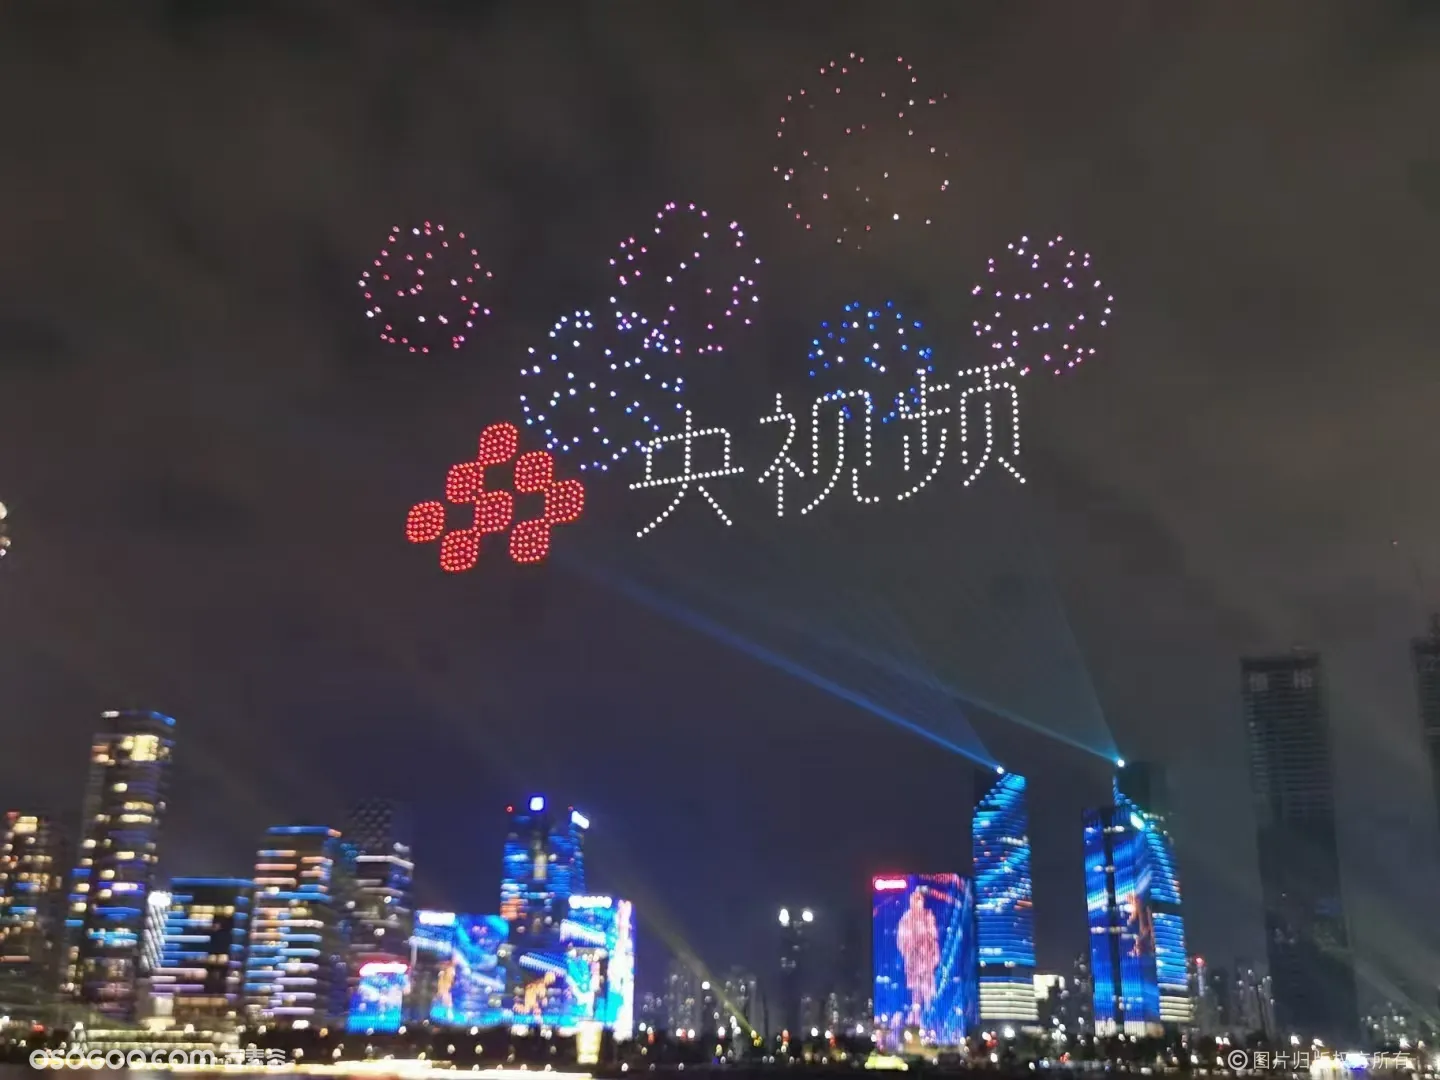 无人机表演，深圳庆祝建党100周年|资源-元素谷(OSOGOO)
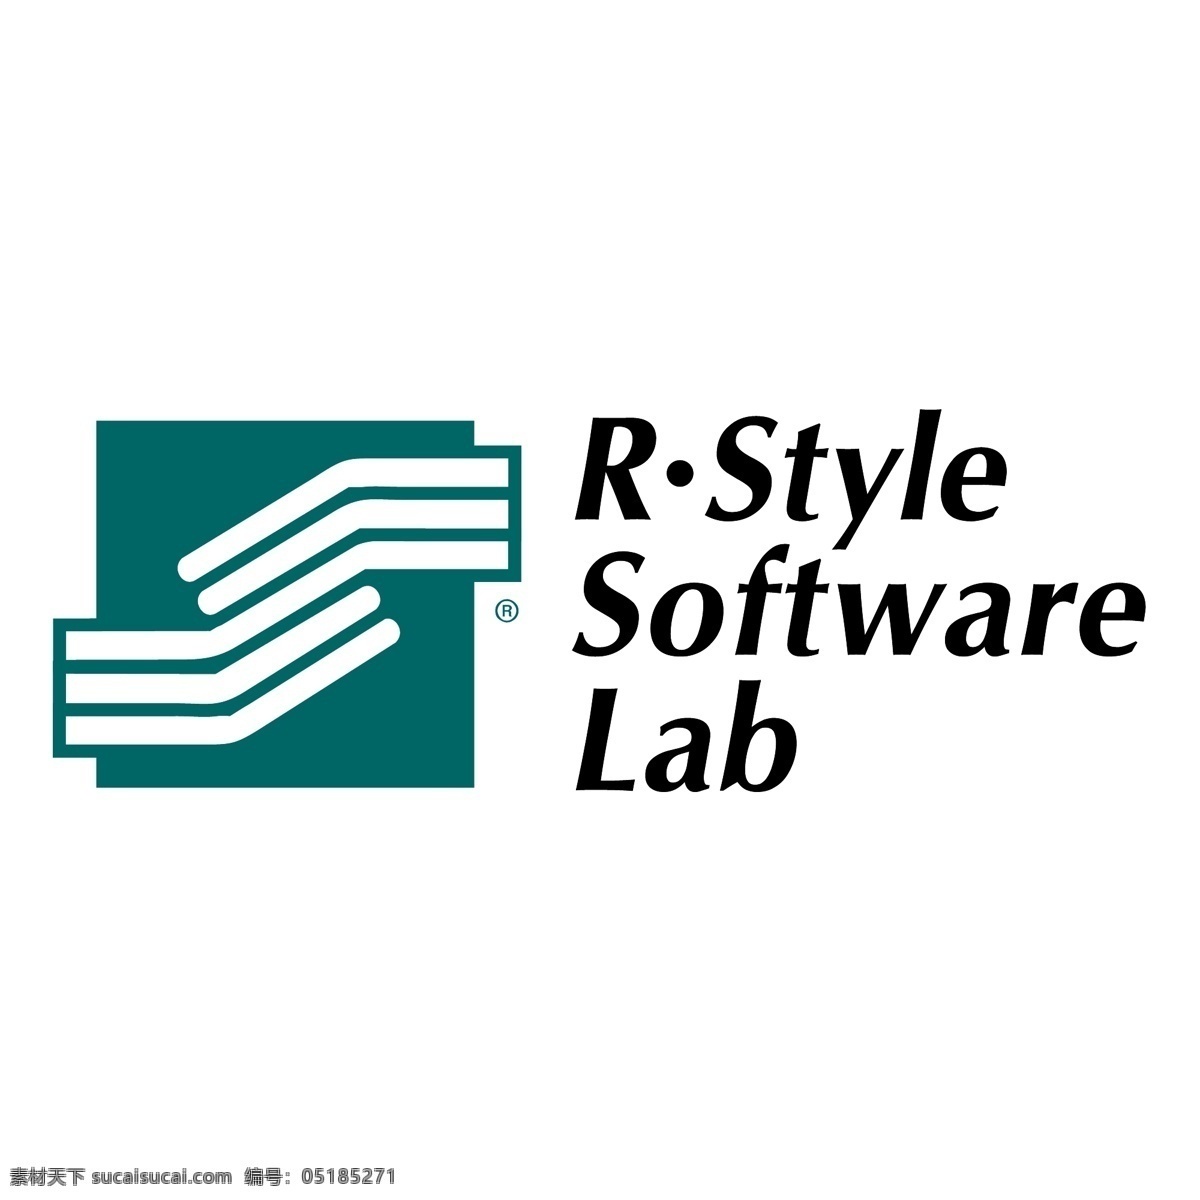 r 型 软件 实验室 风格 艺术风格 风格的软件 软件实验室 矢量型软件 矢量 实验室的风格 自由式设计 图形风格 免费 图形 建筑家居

________________________________________

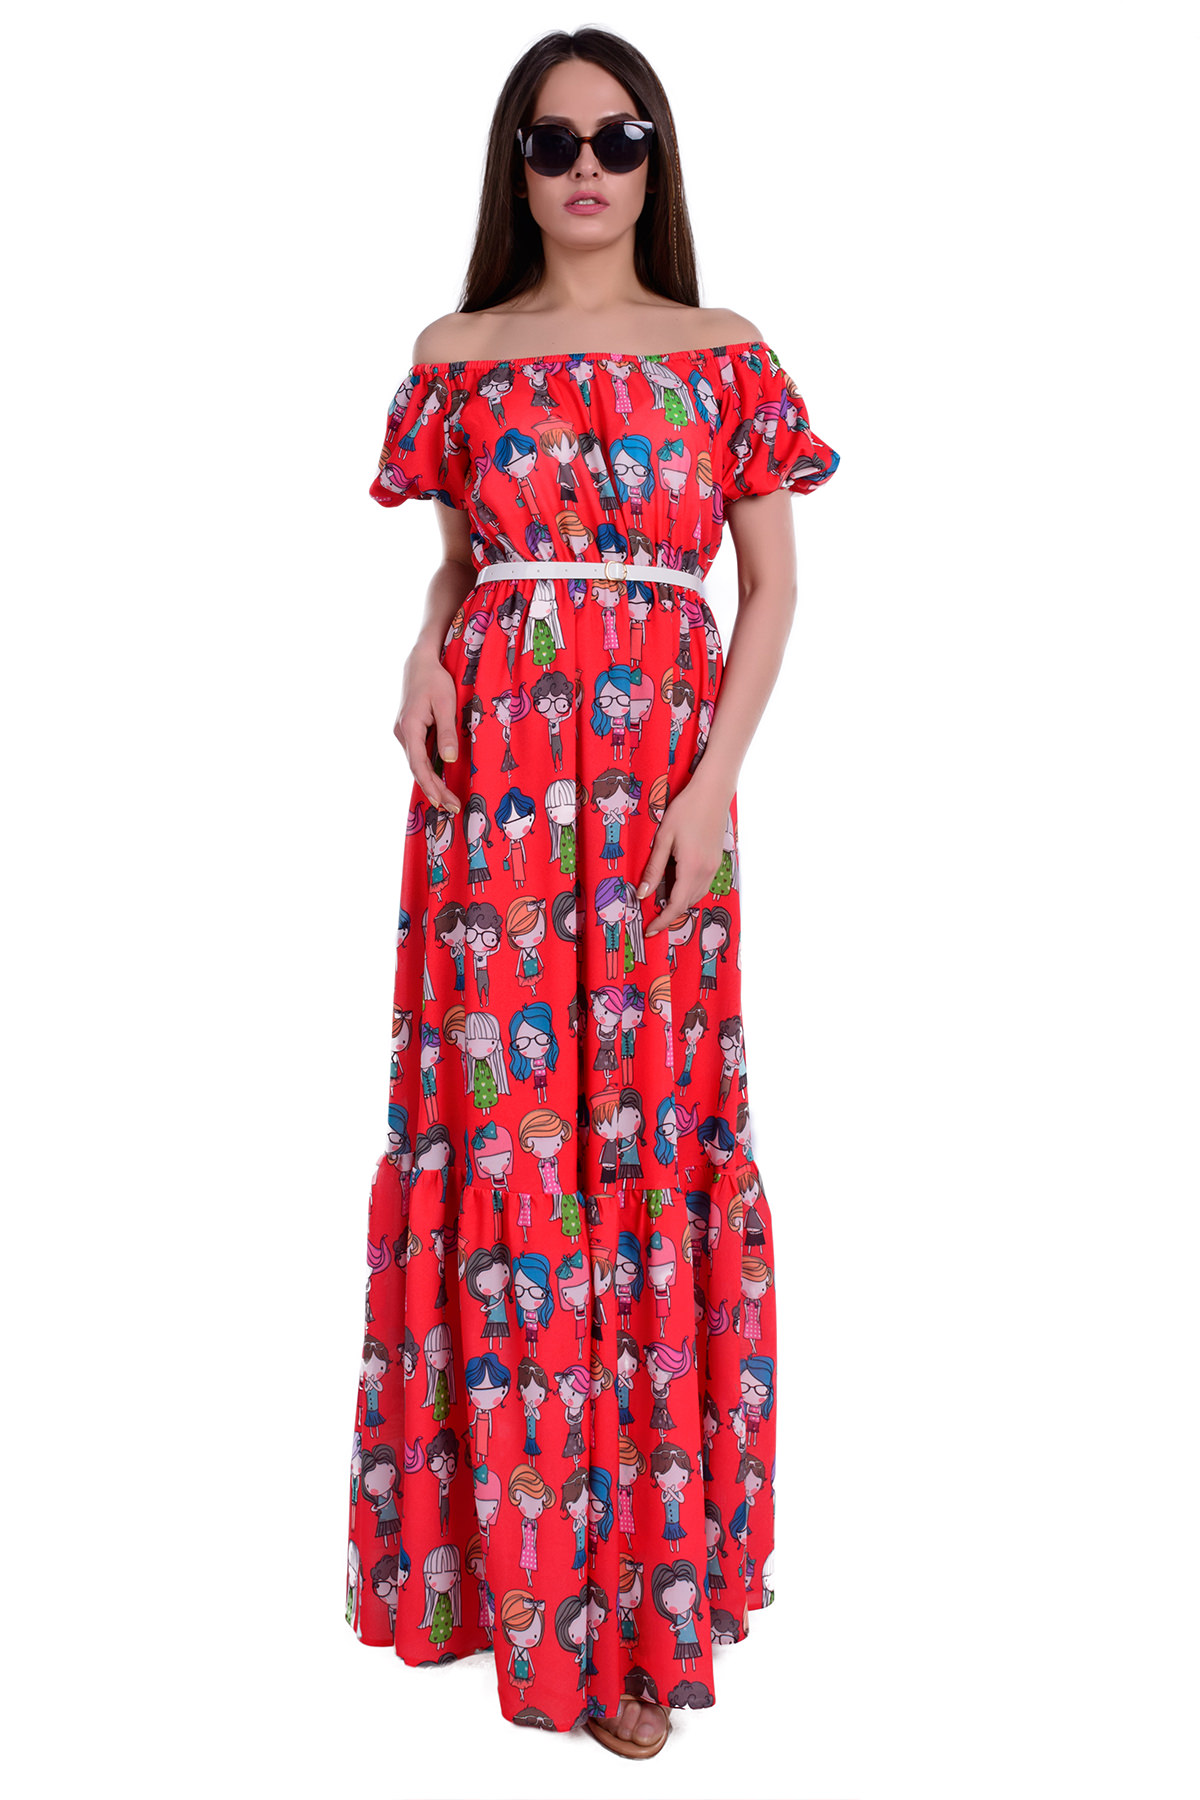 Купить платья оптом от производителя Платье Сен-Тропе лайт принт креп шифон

________________________________________

- **WORK INSTRUCTION**
The stretch above running from the line with "无人机表演，深圳庆祝建党100周年|资源-元素谷(OSOGOO)" through the line with "r 型 软件 实验室 风格" is all you should copy, exactly, leaving out the pictures.

- **COMPLETED EXERCISE**
 无人机表演，深圳庆祝建党100周年|资源-元素谷(OSOGOO)
 r 型 软件 实验室 风格 艺术风格 风格的软件 软件实验室 矢量型软件 矢量 实验室的风格 自由式设计 图形风格 免费 图形 建筑家居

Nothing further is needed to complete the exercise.